**What the exercise asks**
Without the pictures, copy all of the data exactly.

**Recorded information**
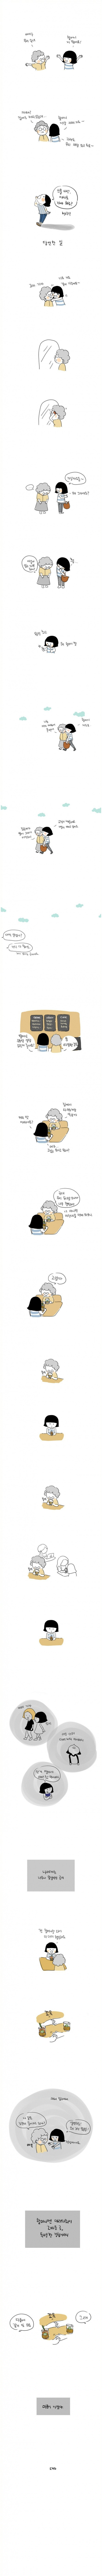 할머니와 카페가는 만화.jpg
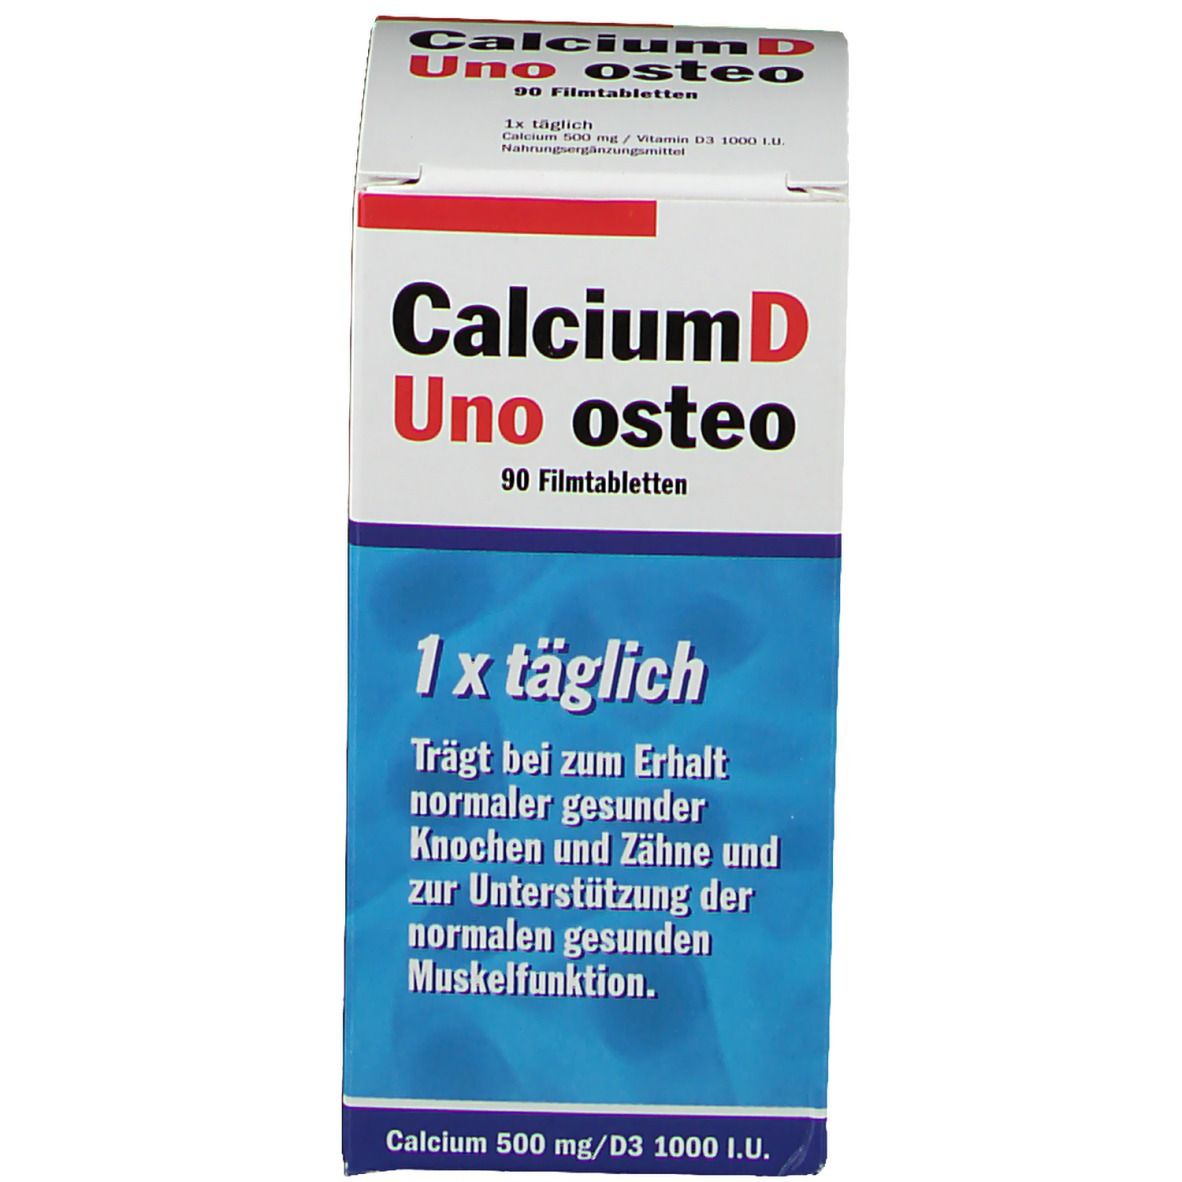 CalciumD Uno osteo
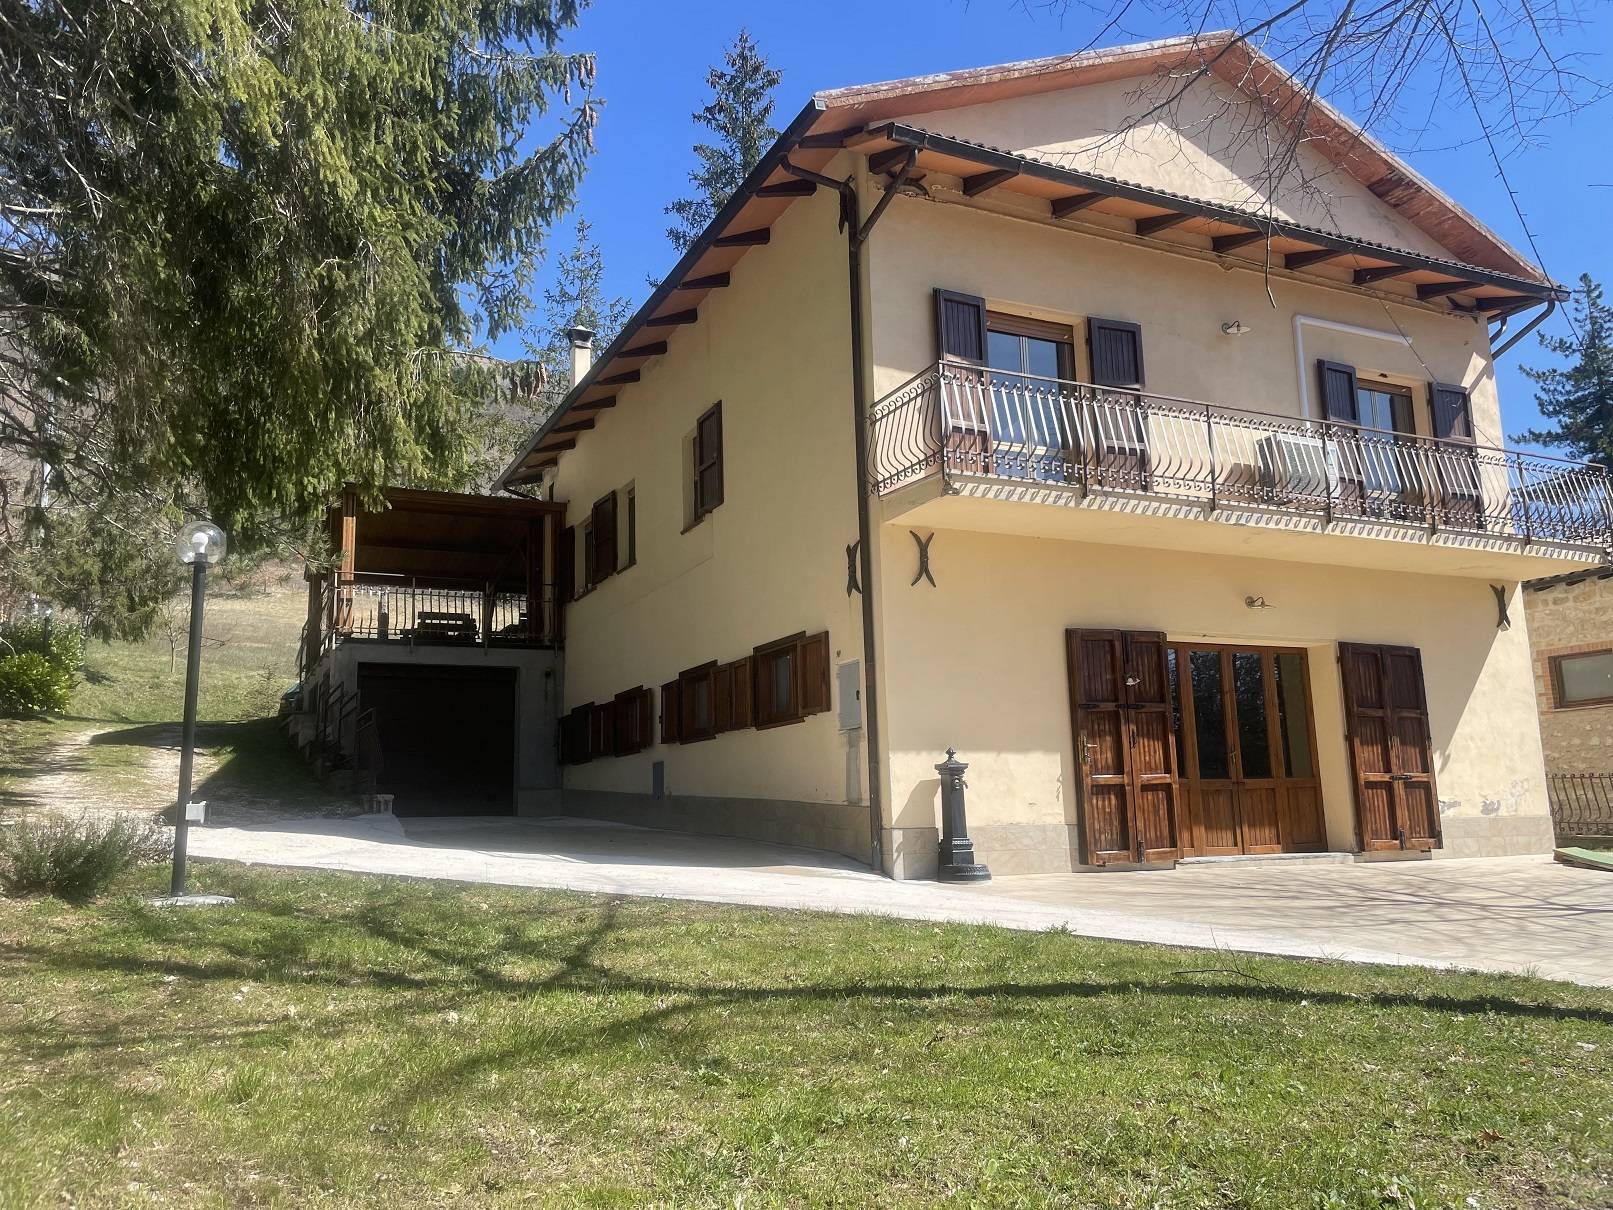 Villa in vendita a Serravalle di Chienti, 5 locali, prezzo € 159.000 | CambioCasa.it

**Answer box**
 할머니와 카페가는 만화.jpg
 CalciumD Uno osteo
 Villa in vendita a Serravalle di Chienti, 5 locali, prezzo € 159.000 | CambioCasa.it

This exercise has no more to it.